As such, striking a balance between recruiting the best talent for the job while quickly fulfilling businesses’ urgent need for staff is becoming a challenge, particularly when looking to maintain desirable levels of staff retention. Perhaps recruitment strategies need a rethink as the world changes?
A striking set of statistics
The latest figures from Reed and the ‘UK Report on Jobs’ survey by KPMG and REC lay out how the most recent lockdown developments and further reopening of the UK economy have impacted recruitment:
- Permanent placements have hit record growth
- An upturn in temp billings is the fastest it has been for six years
- May 2021 was Reed’s best month for job postings since before the 2008 financial crash
- The demand for workers has increased at the fastest rate for over 23 years
- The supply of permanent and temporary staff fell at the quickest rates on record.
However, although these results may be good news for job seekers, they present new challenges to recruiters looking to help businesses hire, as the spike in demand brings the labor and skills shortages that already existed in the UK into sharper focus.
With overall candidate availability declining at the quickest rate since May 2017, recruiters and HR teams must now pick out top talent from a rapidly shrinking pool. Plus, both starting salaries and temp pay are expanding at a sharp rate. Coupled with a growing desire for flexibility and a more hybrid approach to working, companies are under more pressure than ever to match up to candidates’ increasing expectations if they want to attract and retain the best staff.
Leveraging the opportunity
The shift from a client-driven market to a candidate-driven market means recruiters must adapt their approach to finding new talent by targeting passive candidates. When the demand outstrips supply, speed is of the essence, and consultants must move quickly if they want to snap up the best candidates for their clients.
As a recruiter, top talent will rarely fall into your lap — particularly in a highly competitive job market. Plus, just because someone is not actively looking for a new role does not mean they are not open to discussing and learning more about new opportunities. So, it is essential to proactively search for candidates already in employment and reach out to them to capture their interest in vacant positions.
Sourcing passive candidates, rather than waiting for them to come to you, has consistently garnered highly effective hiring success rates, with candidates sourced in this way proving to be more than twice as efficient as independent applicants.
For this strategy to be effective, recruiters and HR teams must make the best use of the digital resources at their disposal — as well as their professional network. For example, there are a wealth of finance and accounting candidates on social media, and platforms like LinkedIn are ideal for ‘headhunting’ skilled and high-level talent.
Step into the digital era
Recruitment is more competitive than ever before. And now that the market has become increasingly driven by candidates and their desires, it is the employer (and, in turn, their recruitment specialist) that needs to stand out and impress.

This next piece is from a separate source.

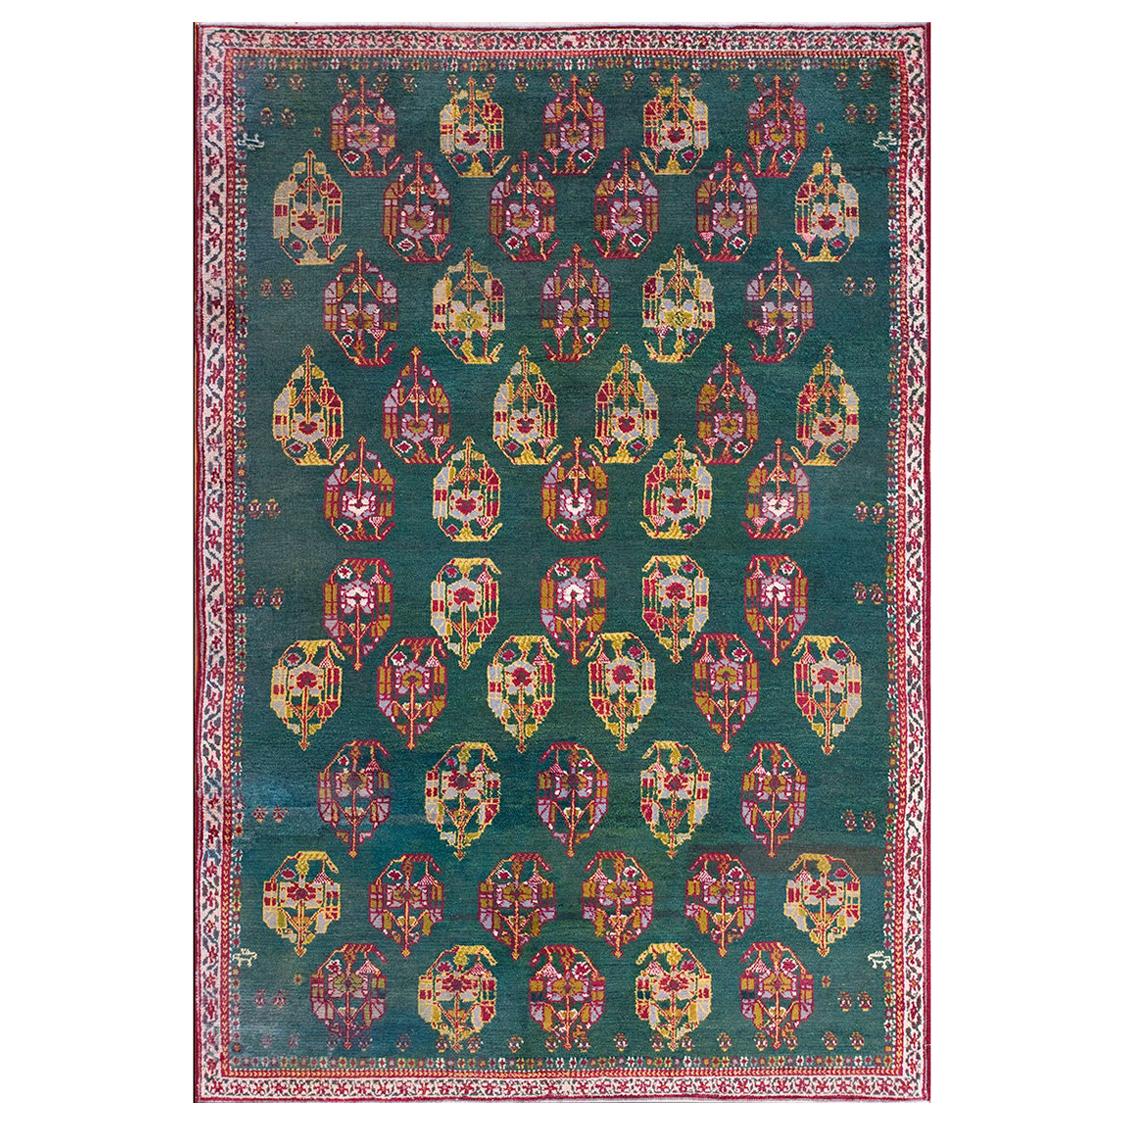 Early 20th Century N. Indian Agra Carpet ( 5'10" x 8'6" - 178 x 260 ) For Sale

Candidates have come to expect more from prospective employers, and not just in terms of substantial pay packets and training programs — although these are also important to consider. After over a year of home working, many have come to enjoy a more flexible way of working and expect companies to offer it as a benefit. In fact, a recent survey by Barnett Waddingham found 34% of UK workers said they would resign from their current position if their employer failed to offer flexible working options.